1.push_back adds a piece of data at the end of the array
arr.push_back(value);
2.pop_back remove the last data of the array
arr.pop_back(); Remember that there is no return value, the last element will be destroyed directly
3.at to get the data of the numbered position
value=arr.at(key) reference at(int pos) returns the reference of the element at pos
4.begin to get the pointer of the array head
it=arr.begin()
5.end gets the pointer of the last element of the array + 1
it=arr.end() returns a pointer to the next position of the last element
6.front gets a reference to the array head
value=arr.front() directly get the reference of the first element of the vector
7.back gets the reference of the last element of the array
value=arr.back() directly get the reference of the last element of the vector
8.max_size gets the maximum vector size
9.capacity The size of the current vector allocation
10.size The size of the currently used data
length=arr.size()
11.resize changes the size of the currently used data.

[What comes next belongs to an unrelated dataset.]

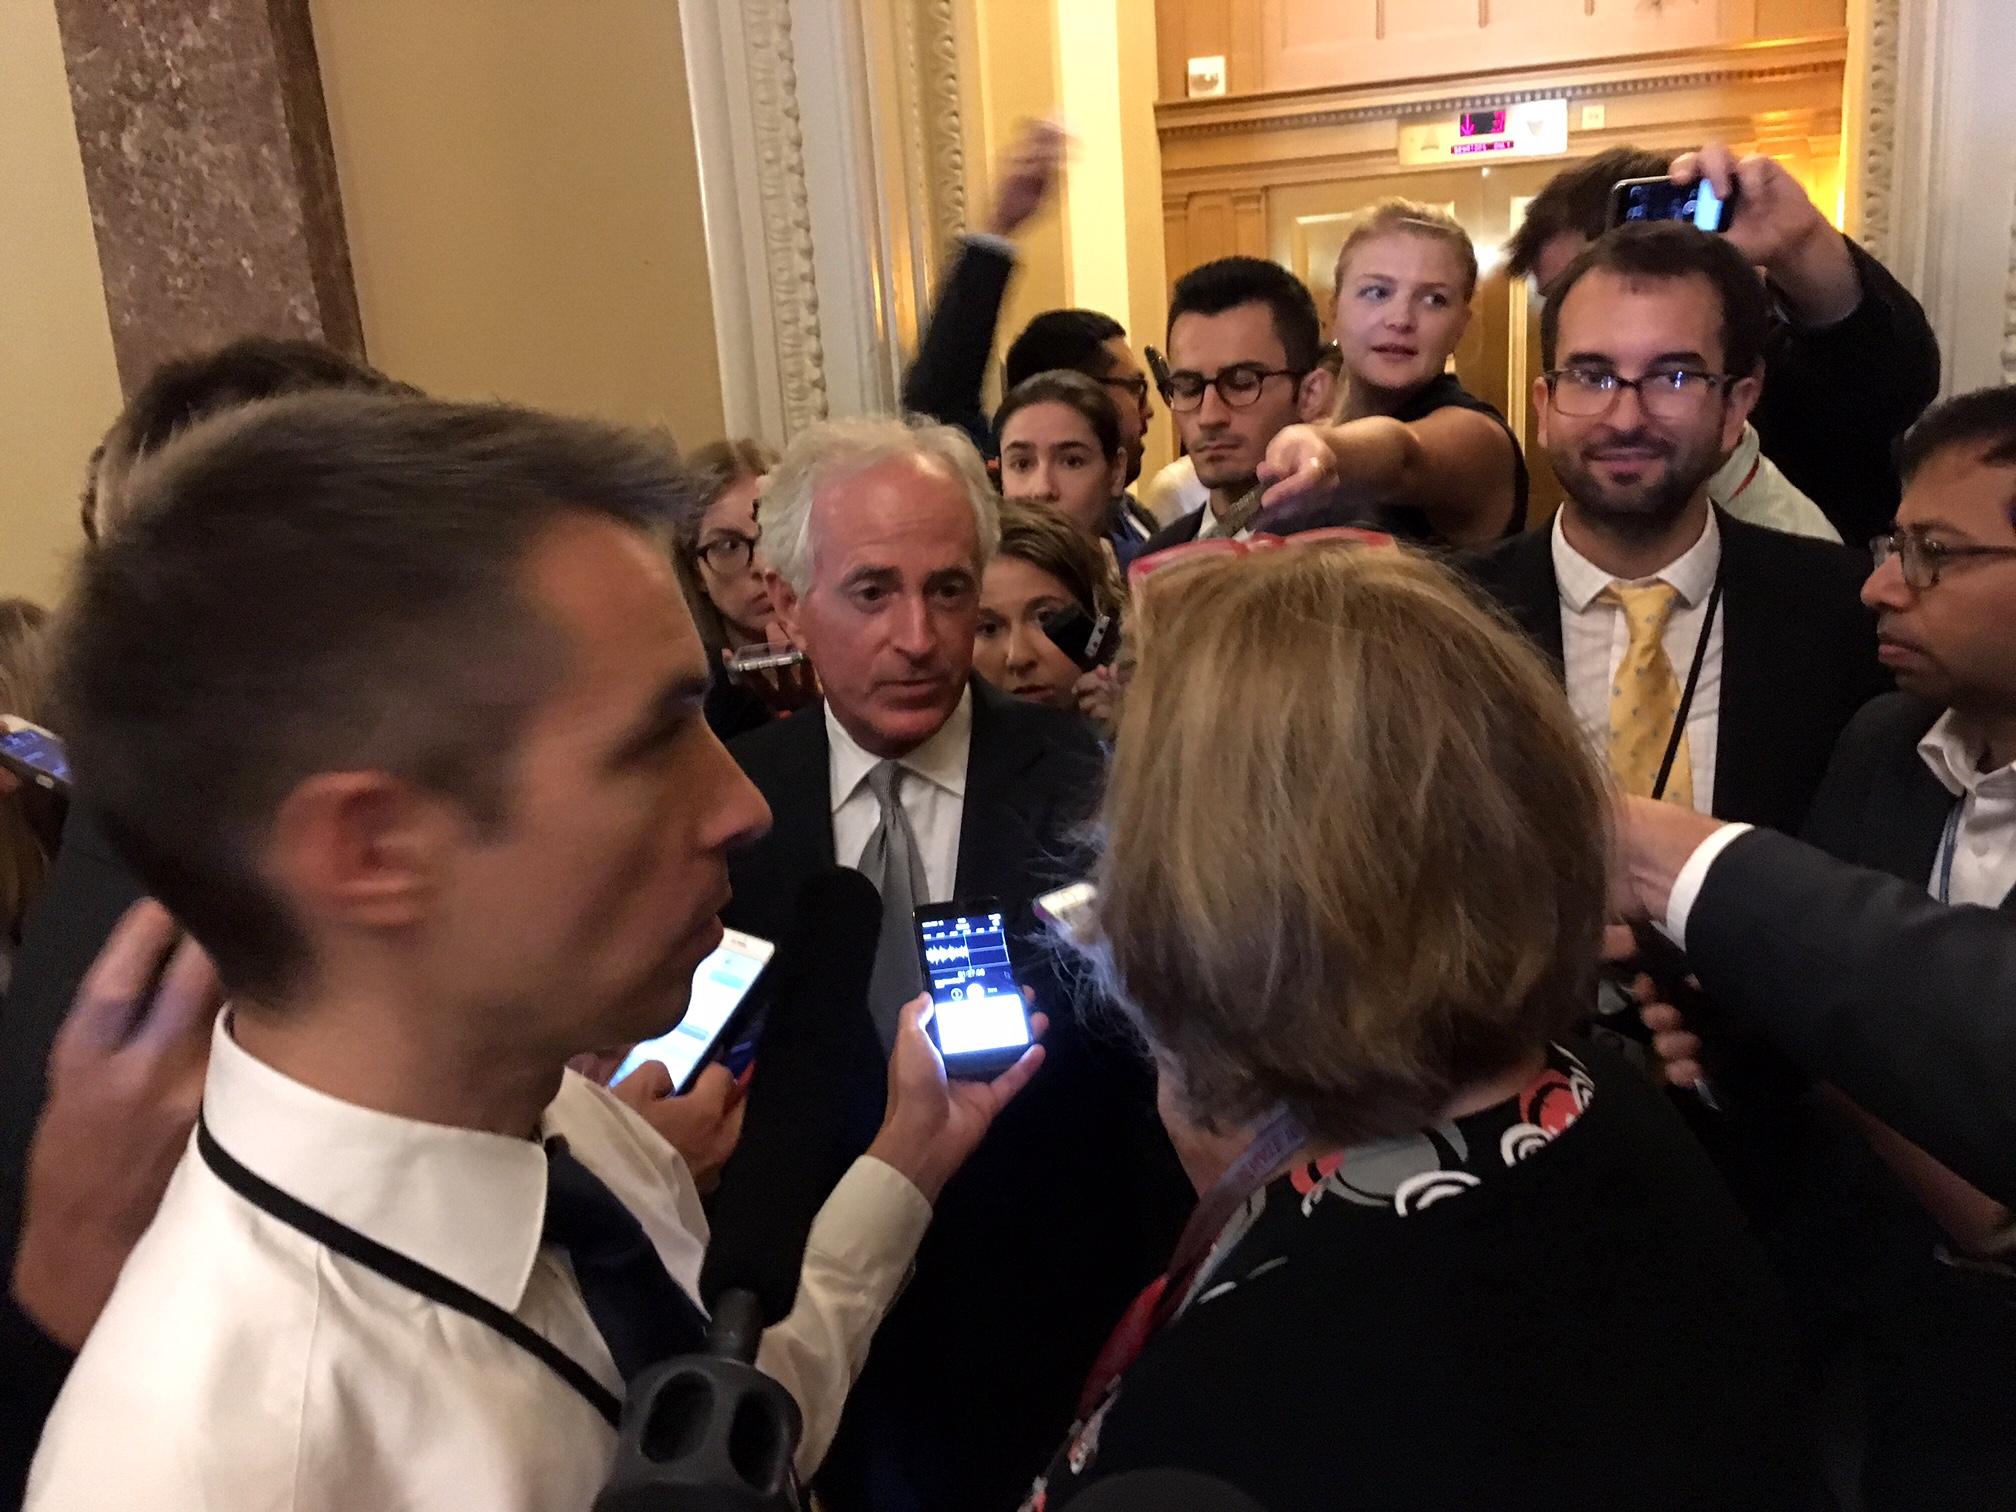 U.S. Sen. Bob Corker, R-Tennessee, at the center of one media scrum outside the Senate chamber. (Photo by Liz Ruskin/Alaska Public Media)

If it is larger than the currently used data, fill the default value
12.reserve to change the size of the space allocated by the current vecotr
13.erase delete the data item pointed to by the pointer
arr.erase(it)
14.clear clear the current vector
15.rbegin returns the start pointer after the vector is reversed (in fact, the original end-1)
16.rend returns the end pointer of the vector reverse structure (in fact, the original begin-1)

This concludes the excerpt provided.